Cirque co-founder Guy Laliberte says the company was looking for a special space in New York when they received a call from Madison Square Garden. "They said, 'We have one of the most beautiful and largest theatres in the world, why not create a show for Radio City Music Hall?'" he recalls.
So Laliberte and the Cirque team headed to Rockefeller Center. "It all started with meetings on the sidewalk. Once we went inside, and saw this place with such architecture, vast scale, and history, we knew we would have to be inspired," he says. "This is New York. Nothing would do but the very best."
The piece, whose storyline centers on the phantasmagorical world of a lovelorn magician named Zark, will be brought to life via 75 incredibly agile artists and clowns hailing from 15 countries and a crew of 88. The title is said to be a fusion of the words "bizarre" and "arcane," referencing mystery and a secret domain.
To bring the new spectacle to life, Laliberté chose Cirque's veteran director of creation, Line Tremblay, and writer and director François Girard, both of whom spearheaded ZED, Cirque's dazzling resident stage production and permanent installation at Tokyo's Disneyland.

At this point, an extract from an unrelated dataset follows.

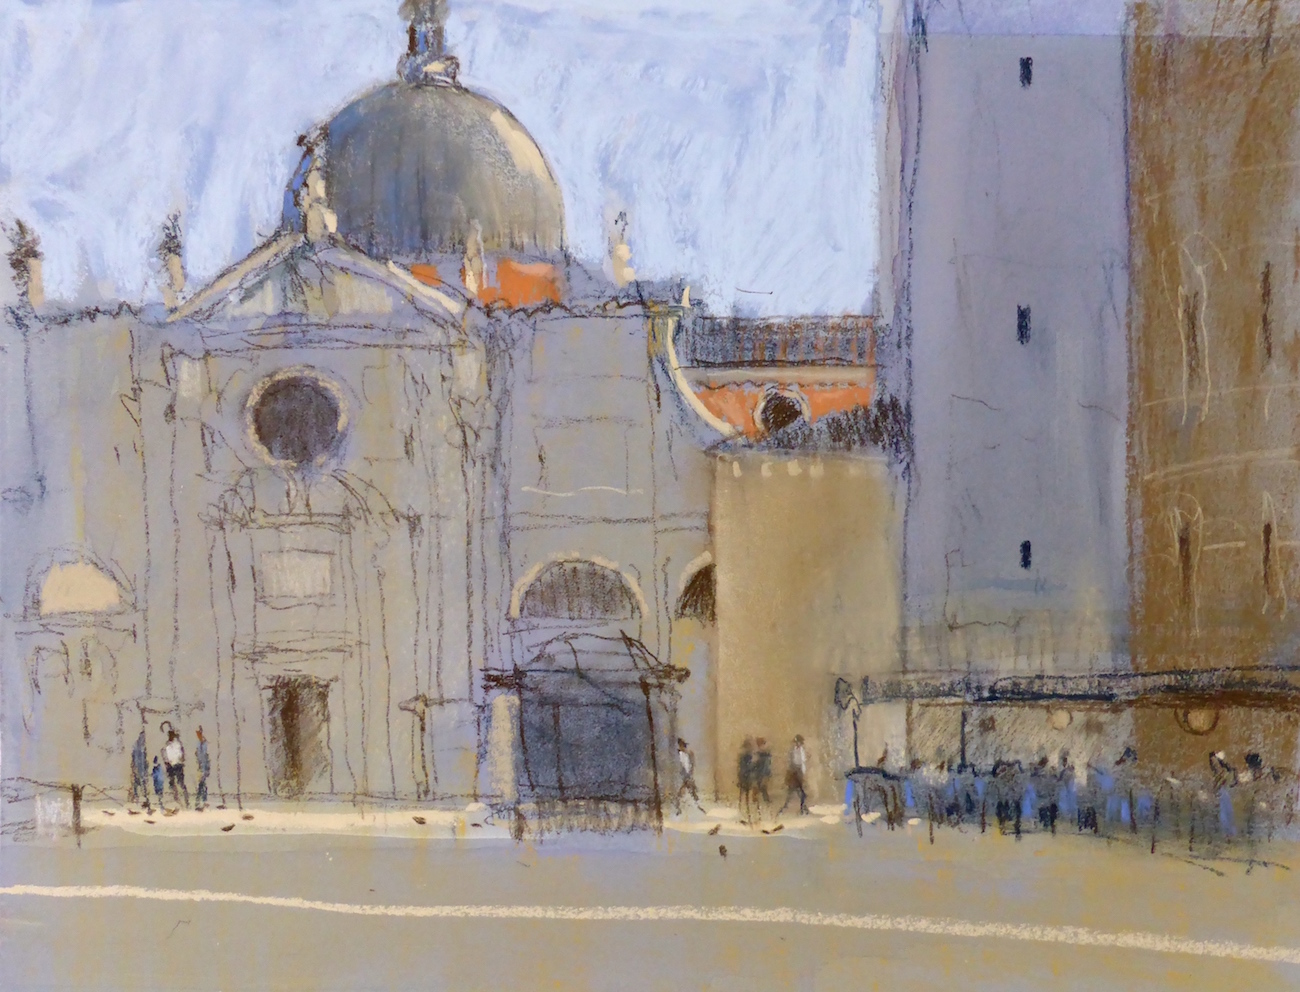 Felicity House, "Campo Santa Maria Formosa, Venice," 2015, assorted pastels on Art Spectrum paper 9 x 11 in. Sold. My favourite square to paint in Venice - lovely vistas, always interesting.

Of course, many of Cirque du Soleil's traditional performers will be on hand, such as the clowns who interact with audiences before the show. Meanwhile, spectators will be able to partake in a wide spectrum of acts, including exquisite sand painting by Erika Chen to tennis ball juggling by Maria Choodu, jaw-dropping triple somersaults on a variety of trapezes by a 12-person strong Russian troupe to Ray and Rudy Navas on the famous "Wheel of Death."
Scenically, the show will use a cameo-size video screen and also take full advantage of the Hall's "flying" 90' X 40' LED screen. As usual, music will play a prominent role in the show. Girard describes the score by Nick Littlemore as "an acrobatic rock opera."
"What is Zarkana?" says Laliberte. "In my own simple terms, I'd describe it as circus on steroids."